> _INFORMATION PROVIDED_
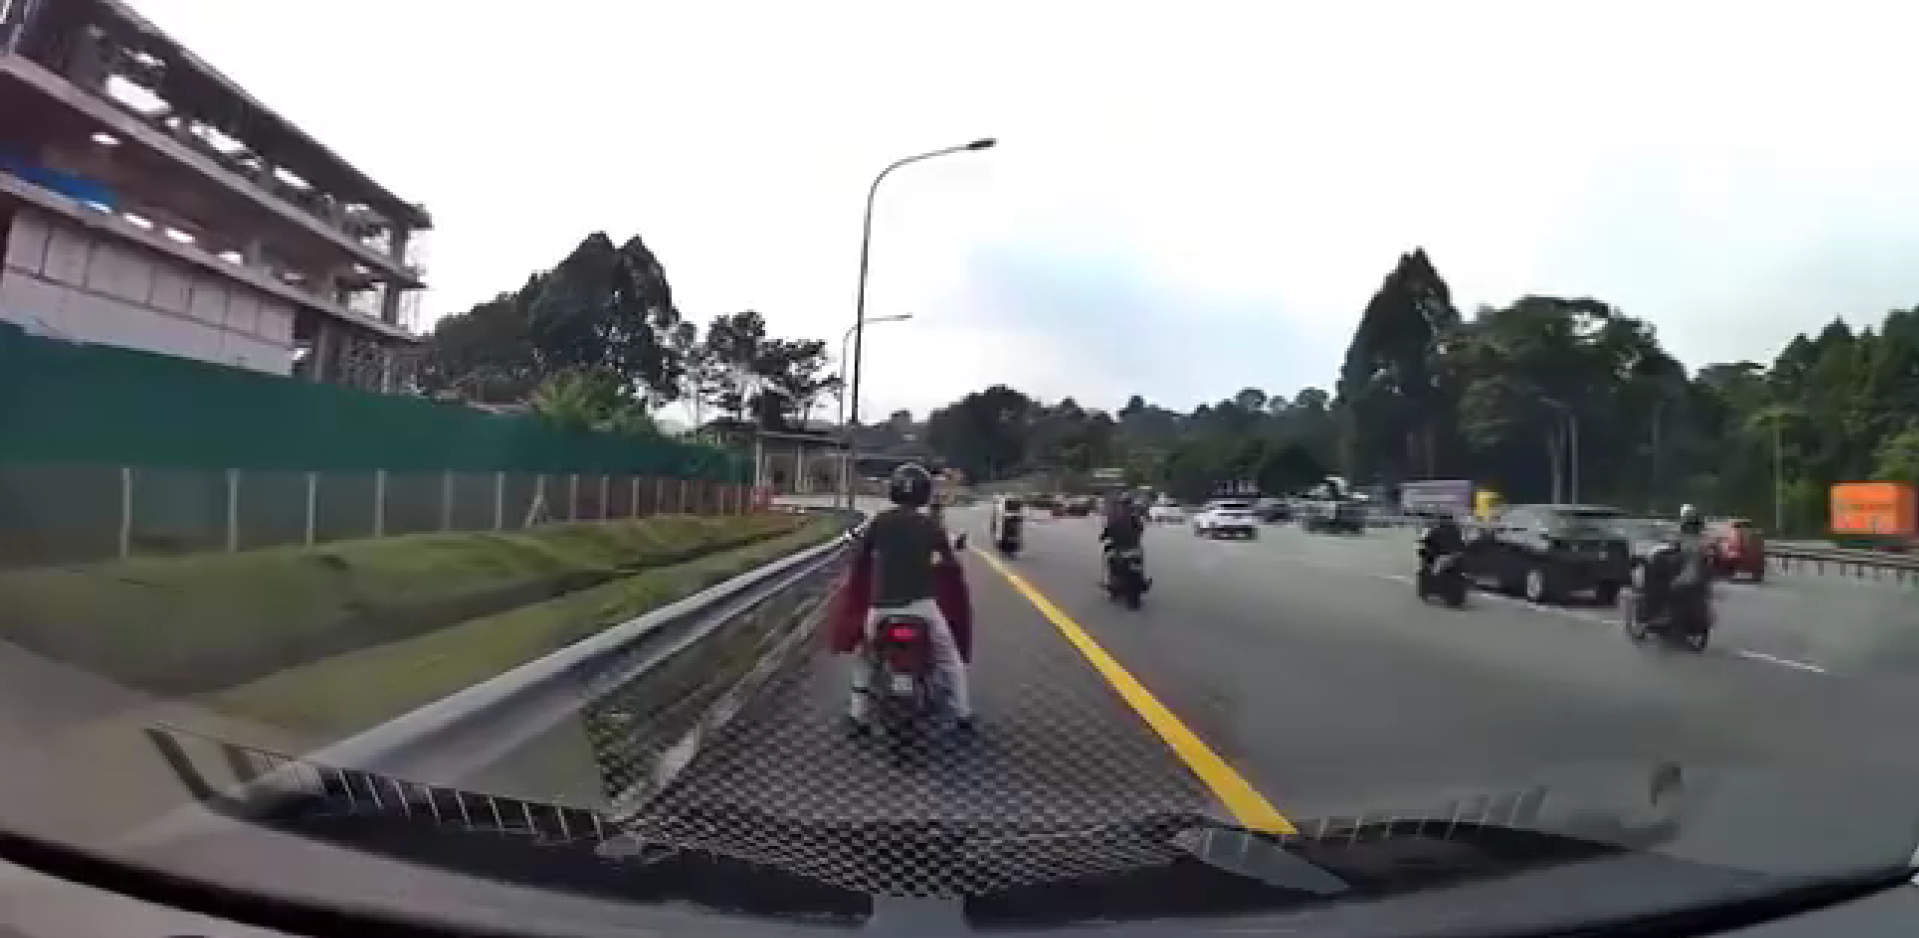 Man pushing his motorbike on road
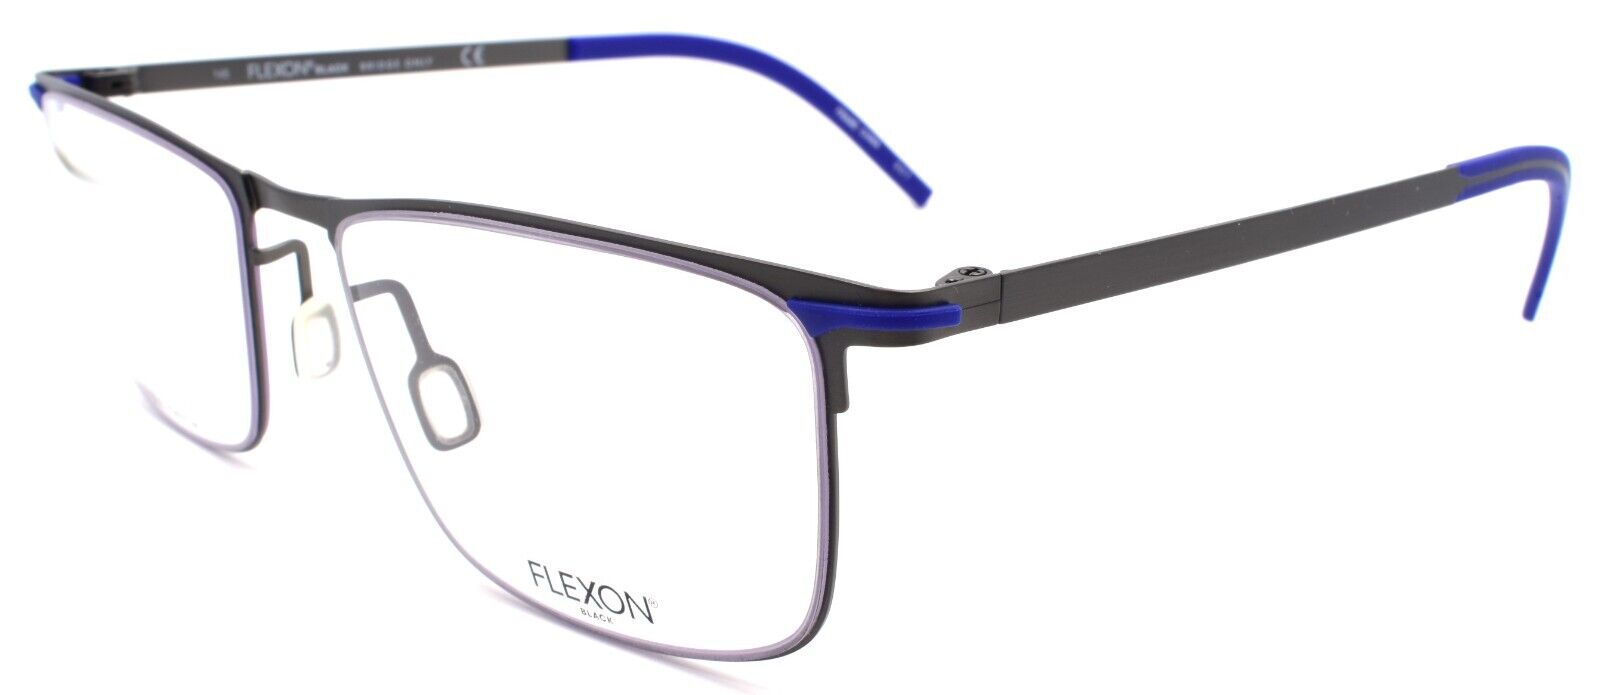 1-Flexon B2005 033 Men's Eyeglasses Frames Gunmetal 55-19-145 Flexible Titanium-883900204538-IKSpecs
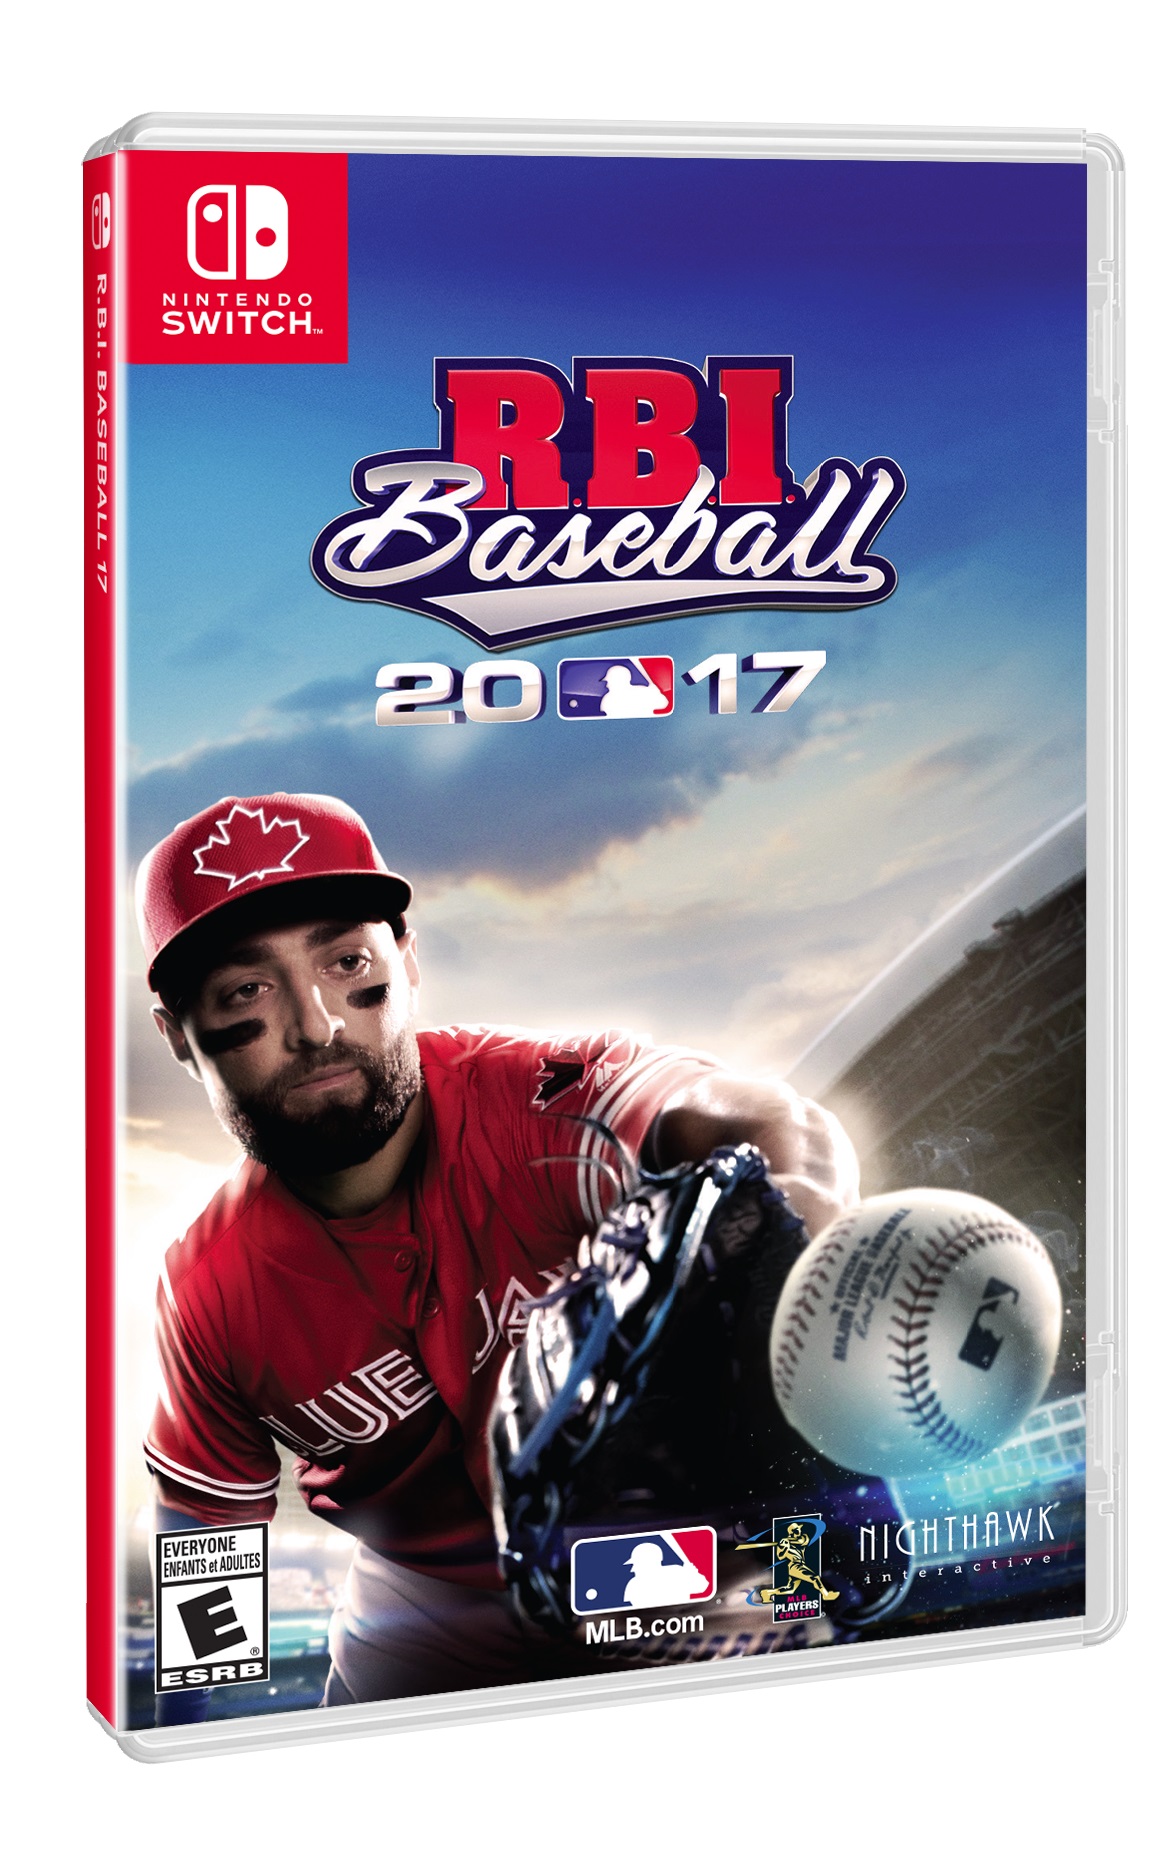 R.B.I. Baseball heading to Switch in September

> _TASK OBJECTIVE_
Output, exactly and only: the line containing "1-Flexon B2005 033", the last line of the listing above, and every line in between. Leave the pictures out.

> _EXERCISE SOLUTION_
 1-Flexon B2005 033 Men's Eyeglasses Frames Gunmetal 55-19-145 Flexible Titanium-883900204538-IKSpecs
 R.B.I. Baseball heading to Switch in September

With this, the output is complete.